A: Kerem’in de dediği gibi videoyu burada transparan bir platform olarak düşünemeyiz. Video, bir mecra olarak bir şeyler yapıyor. İçerik olarak algılanan şeye, bilgiye, konuya etki etmeden onu sadece görselleştirmiyor. Bu tür bir söylemi olan videolara temkinli yaklaşmalıyız zaten. Video, estetiği ve maddeselliği ile (ki bu noktada dijitale de analog gibi bakmak lazım) gösterdiği şeye müdahale ediyor. Bu yüzden video sadece bir görselleştirme aracı değil. Bir araştırma ve müdahale pratiği olarak video, yapım sürecinde anlatıyı ve dolayısıyla oluşturulan bilgiyi doğrudan etkiliyor. Su Çizgisi’ni ele alalım. Kerem ile kaya midyeleri ve gemiler arasındaki ilişkiye yoğunlaşmak istedik. Konunun bağlamını, odağa aldığımız yapıların ve nesnelerin tarihselliğini anlamak için bir ön araştırma gerçekleştirdik. Fakat video yapım süreci, kameranın limitleri, çevre koşulları, incelediğimiz nesnelerin yapıları hem bizim süreç boyunca hareketimizi, nerede neyi ne zaman çektiğimizi etkiledi, hem de ortaya çıkan videonun estetiğini doğrudan belirledi. Videonun düzenlemesini görüntüler, görüntülerdeki hareket, renk ve yapı belirledi, önceden yazdığımız anlatı değişti. Video bu yüzden süreçte kullandığımız kaynaklardan çok daha fazlası, onlara müdahale ediyor. 

İçinde bulunduğumuz koşullar ve son yıllarda fazlasıyla tartıştığımız çevre sorunları, iklim krizi, doğal felaketler, kaynak sorunu ve tüm bunların sosyal, politik ve ekonomik yansımaları sizin çalışma alanlarınızı ve pratiğinizi ne şekilde genişletti?
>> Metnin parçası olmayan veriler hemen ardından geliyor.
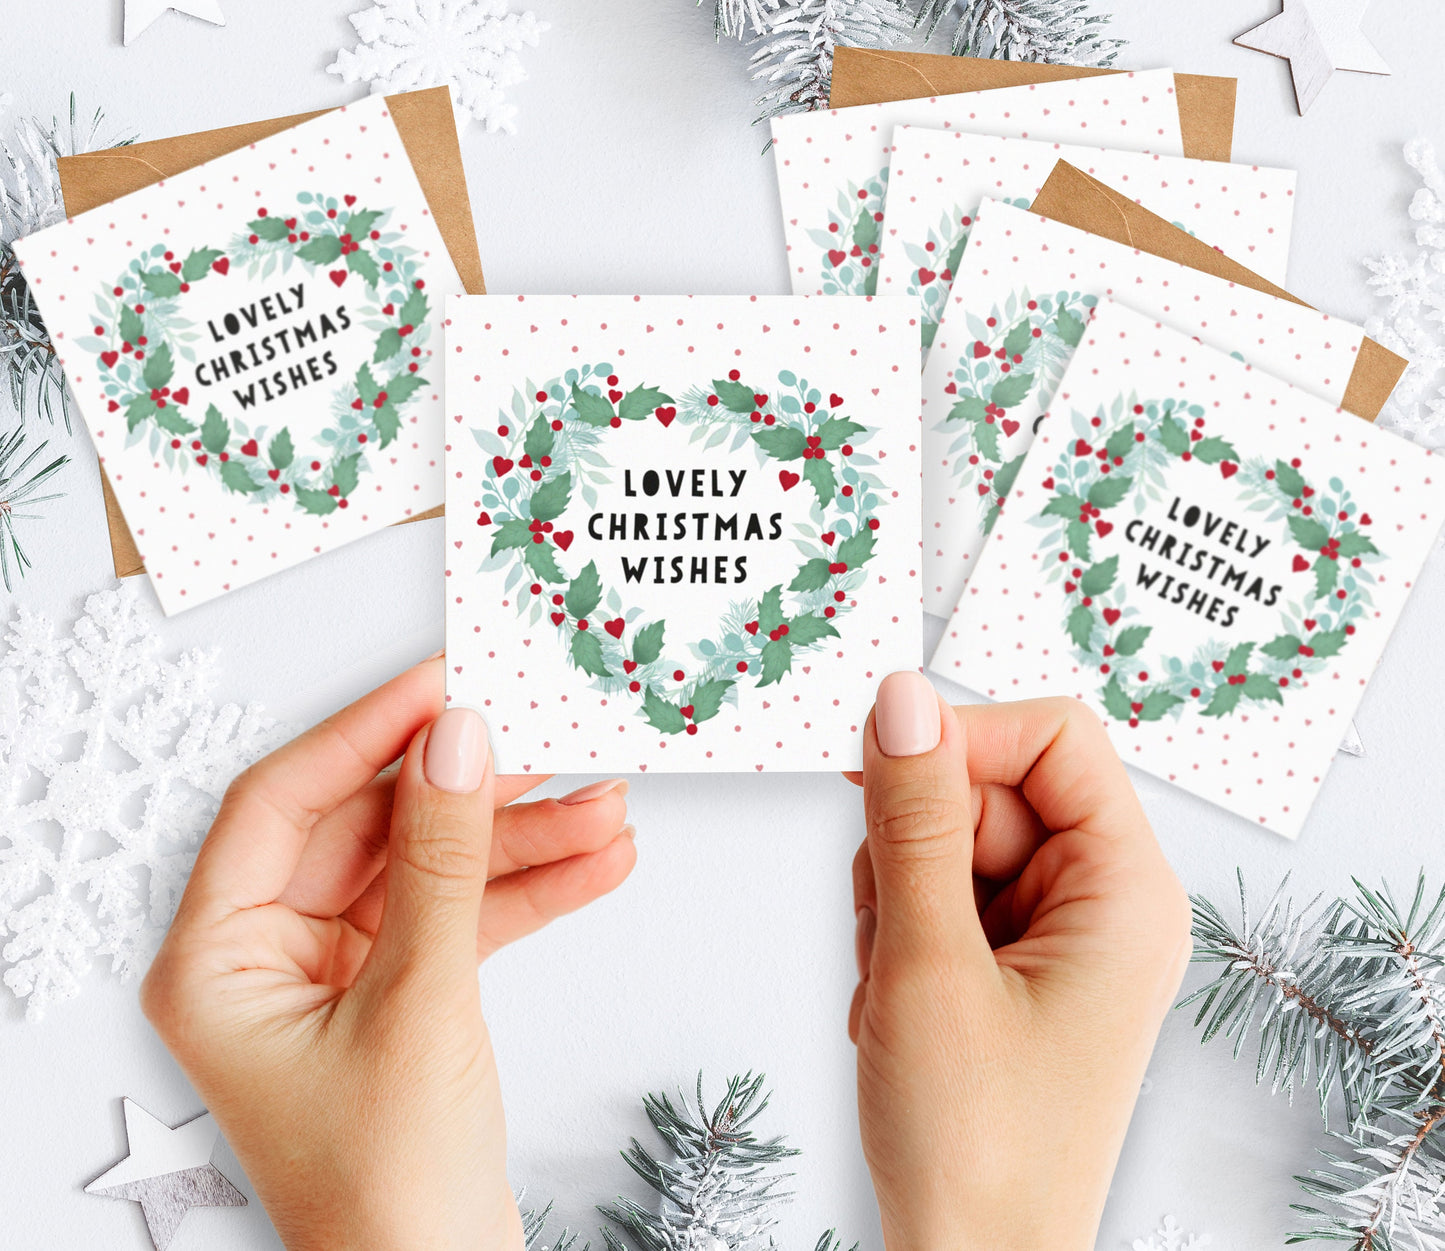 Mini Pack of Happiness - Lovely Christmas Wishes Christmas Cards. Pack of Christmas Cards. Cute Christmas. Heart Wreath Cards.
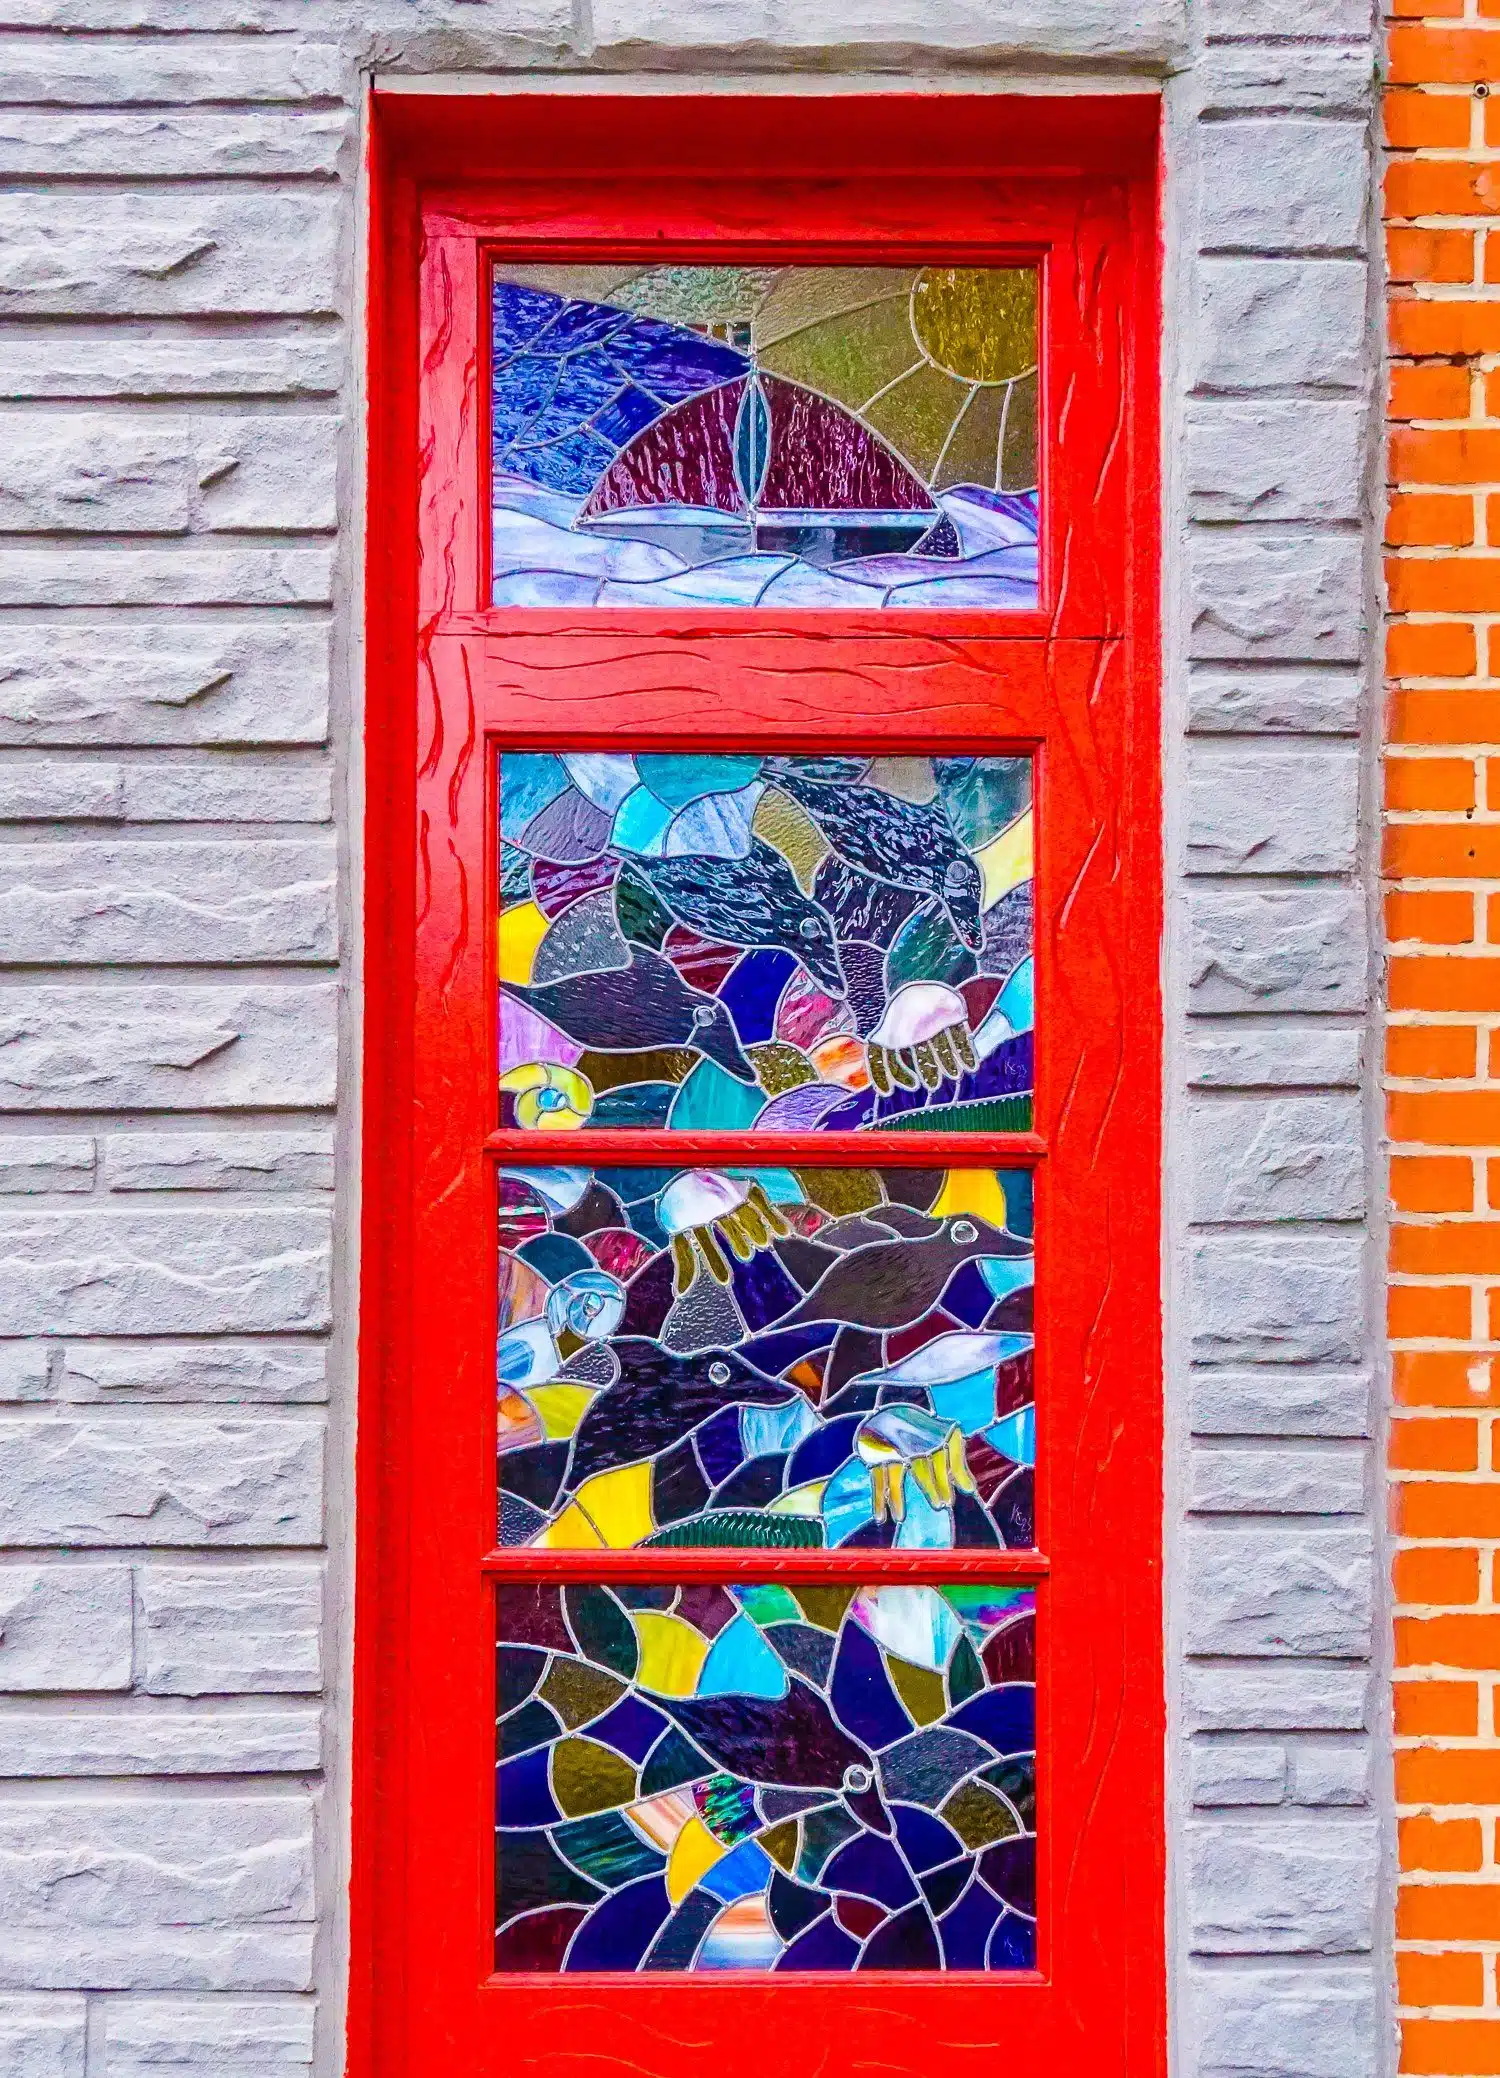 This beautiful red stained-glass door is a perfect example of why Fishtown, Philadelphia has some of the best public art in Philly!

K: Çevre çalışmalarının sadece konusu itibariyle değil ama farklı aktörlerin ilişki biçimlerini kavramaya çalışan, zaman zaman holistik zaman zaman ise yerel ve çözümlemeci olabilen yapısı benim genel düşünme tarzımı etkiledi. Ekolojik bir düşünme biçimi diyebiliriz buna sanırım ama bu çevrecilik anlamına gelmiyor, çevreyi anlamak daha çok ve bu her türden çevre olabilir sadece insan çevresi değil. Dünyada olup biten olayları bu şekilde farklı perspektiflerden kavrama çabası benim için değerli. Bu bağlamda zaman zaman çevre sorunları ölçeğinde de tartışılabilecek konulara eğiliyorum ama temel dertlerim özünde onlar değil çünkü kriz, felaket ve kaynak sorunu zaten evrenin doğasında olan bir şey, bana göre şu an çok tartışılıyor olmasının nedeni türümüzün pragmatik kaygıları. O noktada apolitik kalmayı tercih ediyorum ve çalışmalarımda taraf belirten direkt söylemlerden titizlikle kaçınıyorum çünkü sanatı pedagojik bir araç haline getirme riski doğuruyorlar. Bence sanat her şeyden etkilenebilir, konusu her şey olabilir ama o etkilendiği ya da konusu olan şeylerin kendisi değil. Yine de çalışmaları izleyicinin kendi bakış açısıyla bu meseleler etrafında tartışması benim için değerli. 

A: Bu Kerem’le zaman zaman ayrıştığımız bir konu. Ben kendi pratiğimde işlevsel sanata daha çok yaklaşıyorum çünkü, araçlar yapıyorum. İklim krizi ve büyük tartışmalara sebep olan Antroposen Çağı’nın ilanı, doğa ve insan arasındaki ayrımın yersizliğini ve çevresel değişim ve dönüşümün politik, ekonomik ve sosyal yapı ve tarihlerden bağımsız düşünülemeyeceğini çok net bir şekilde ortaya koydu. Bu kapsamda yer sistemi biliminin (çevresel yapının ve politik tarihin şart koştuğu) disiplinlerarası yaklaşımı, madde, veri ve bilgi arasında kurduğu ilişki, zaman ve mekanı çoklu ve değişken düşünmesi ve iklim ve çevre mücadelelerinin hukuki alanda bu algıları diretmeye başlaması bu alanları bu konuların uzun süredir tartışıldığı, işlendiği ve birikim oluşturulduğu sanata (ve felsefeye) yakınlaştırdı. Günümüzde bilimsel projelerde ve hukuki yaptırımlarda sanatçı, tasarımcı ve mimarların aktif rol aldığını görüyoruz. Benim için iklim krizi ve gittikçe yoğunlaşan çevresel değişimin pratiğime en büyük etkisi hem disiplinler hem olgular arasındaki bu ayrımları kırması oldu. 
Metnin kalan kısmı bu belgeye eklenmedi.